[SPIKE] Section-level topic relevance score
Closed, ResolvedPublic
Actions

Assigned To

Authored By

	mfossati
	Sep 22 2022, 2:34 PM

Description

Goal

To enable ranking of section topics at the section level.

Definition

Section-level topic relevance is a score that measures to what extent a given section topic helps summarize and understand the content of a given section text in a Wikipedia article.

Proposal 1

Build on top of the article-level one, computed in a cross-wiki fashion as per T314863: [SPIKE] Section topics article-level relevance score's proposal and implemented as per T314863#8208535.
This requires a large adaptation of the current logic: we need machine-learned section alignments to compute the topic frequency across Wikis.

Caveats

The following points were raised by @matthiasmullie :

Machine-learning section alignment might still not be good enough: it is quite realistic that some of the most relevant topics for a page already appear in the leading paragraph (and will continue to be discussed intensively in other sections, where we will no longer be able to pick up on them), and it is quite realistic that this would be true for many other wikis as well - so even if we manage to accurately align sections, we may still not be able to find the topic in any of the wikis (because in all/most of them, it was already linked only once, earlier in the page)

It’s also quite plausible that aligning sections only gets us that far. In wikis with fewer coverage/detail, we may not be able to find a matching section (because that content isn’t there, or just a minor snippet within a larger other section)

If the above doesn’t work out, we’d have to start to figure out actual (re)occurrences of a topic within a full article. String matching likely won’t cut it, so some form of language processing may be needed - which is essentially what we intended to avoid in the first place by going with links-based topic identification.

Proposal 2

Compute the topic frequency within the same wiki, pretty much as we do with the IDF component.
This requires a small adaptation of the current logic.

Caveats

The score is potentially biased.
See the following discussion with @matthiasmullie:

a “topic” is extracted based on links, which (per wiki guidelines) only appear once. As such, I wonder how reliable the frequency (never more than 1, for any topic mentioned) is

Currently a given topic may appear more than once in a given page, due to links occurring in templates, typically infoboxes. This is something that we plan to filter as per T318092: [M] Exclude certain sections from having topics in the section topics pipeline, but we may want to revert this decision.
Are we sure the guideline is actually enforced on all Wikipedias? From my manual checks on en, fr, it, pt, and es it looks so, but is that something that we can reliably check?

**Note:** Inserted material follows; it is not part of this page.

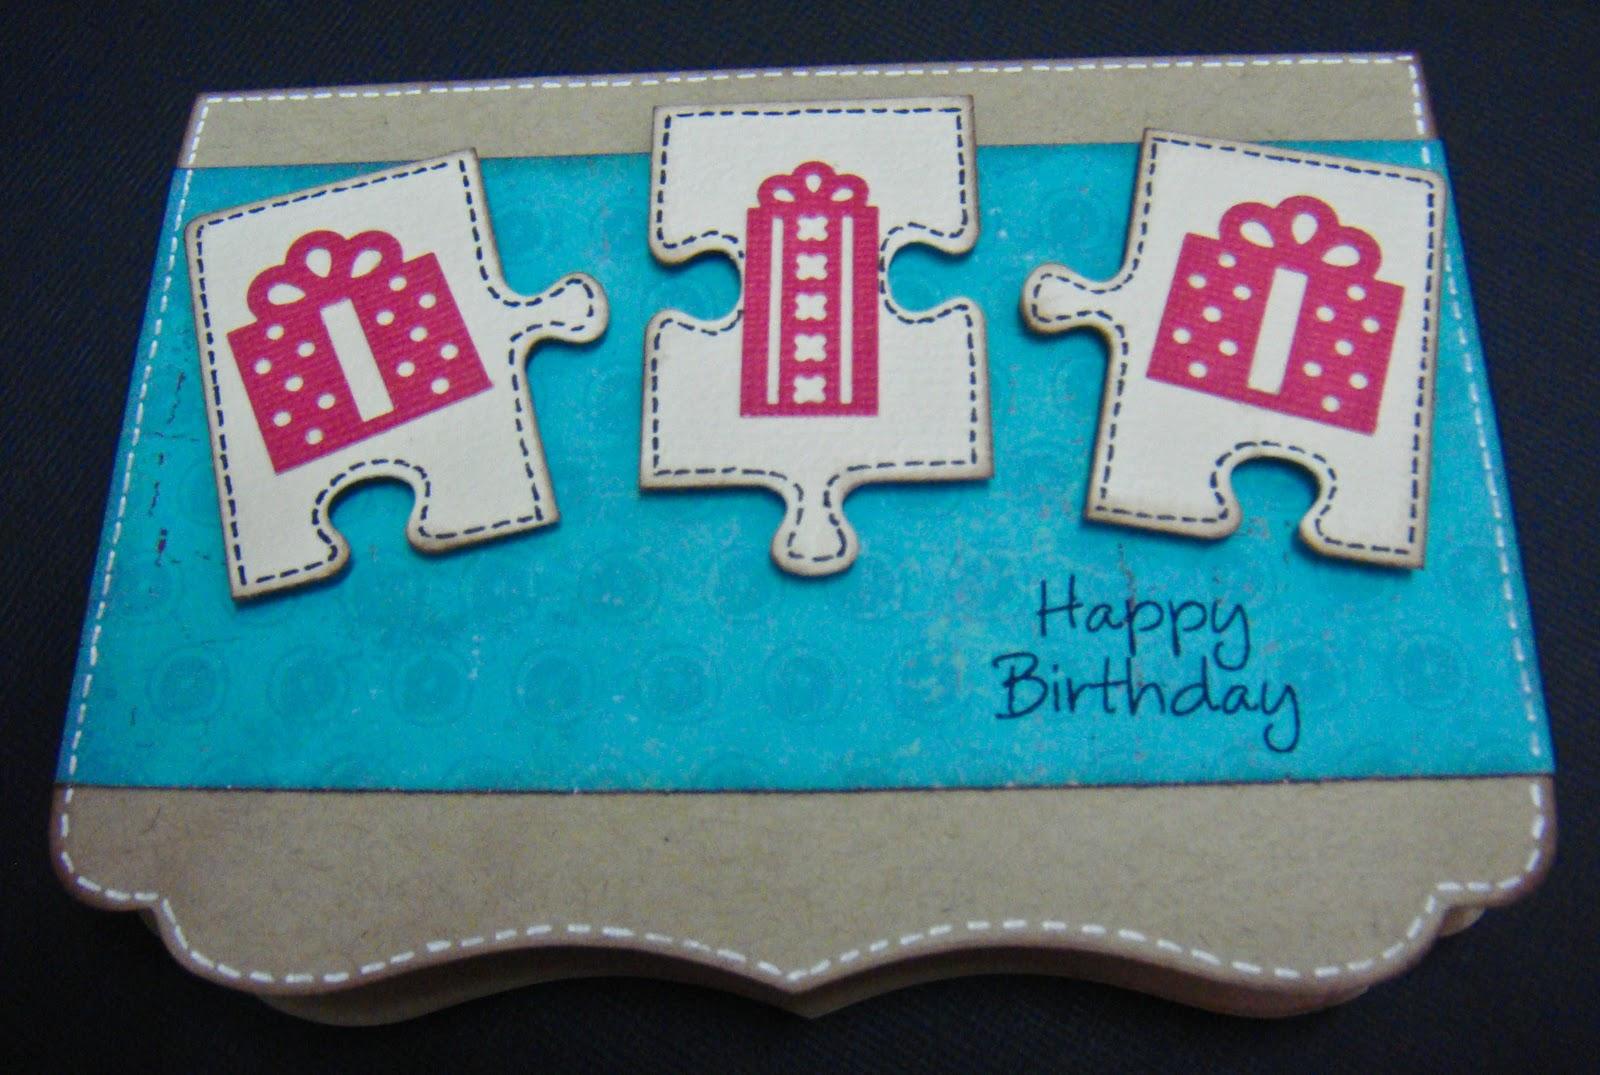 Pasteldaisies Craft Birthday Card For My 9 Yr Old Niece

I doubt whether it’s enforced, but it’s certainly recommended to minimize duplicate links, so we should expect far fewer links (an expectation of max of 1) than the amount of times the topic is actually present

Acceptance Criteria

Evaluate the two solutions - document their viability and level of effort in this ticket
Choose which solution to move forward with ~~and document that in T318324~~ - already implemented as part of this spike
Figure out how to slice a meaningful sample to be used for multiple evaluations

Update

We agreed with Research to start with proposal 2 and evaluate on the sample.
We will split the check among team members to have more eyes on data.

Outcome

We opted for proposal 2.
The main reason is that TF-IDF is a baseline score, known to work effectively for relatively long texts. It won't be magic when sections are short anyway.
Proposal 1 builds on top of proposal 2 and requires a high effort with a likely low improvement.

Related Objects
Search...

Status	Assigned	Task
Resolved	CBogen	T275882 [EPIC] Structured sections with topical metadata
Resolved	CBogen	T311745 [EPIC] Section topics data pipeline
Resolved	mfossati	T318348 [SPIKE] Section-level topic relevance score

Event Timeline

mfossati created this task.Sep 22 2022, 2:34 PM

mfossati mentioned this in T318324: Implement section-level topic relevance score.Sep 22 2022, 2:39 PM

CBogen updated the task description. (Show Details)Sep 22 2022, 2:41 PM

CBogen edited projects, added Structured-Data-Backlog (Current Work); removed Structured-Data-Backlog.Sep 22 2022, 2:44 PM

CBogen moved this task from Incoming to Ready for Development on the Structured-Data-Backlog (Current Work) board.

mfossati added a parent task: T311745: [EPIC] Section topics data pipeline.Sep 22 2022, 2:49 PM

CBogen mentioned this in T316925: [L] Crystallize article-level section topics relevance score.Sep 22 2022, 4:27 PM

mfossati updated the task description. (Show Details)Oct 17 2022, 8:59 AM

mfossati changed the task status from Open to In Progress.Oct 24 2022, 1:15 PM

mfossati claimed this task.

mfossati moved this task from Ready for Development to Doing on the Structured-Data-Backlog (Current Work) board.

Implemented proposal 2 and opened merge request: https://gitlab.wikimedia.org/repos/structured-data/section-topics/-/merge_requests/4
Moving to code review.

Proposal 2 implementation merged.
~~Moving to blocked,~~ pending data sample evaluation.

mfossati moved this task from Blocked to Doing on the Structured-Data-Backlog (Current Work) board.Nov 3 2022, 3:51 PM

mfossati updated the task description. (Show Details)Nov 15 2022, 11:37 AM

Sample sent out via the cross-team process.
@AUgolnikova-WMF and myself discussed benefits and level of effort for proposal 1: the main conclusion is that we expect a relatively high effort for a likely small improvement.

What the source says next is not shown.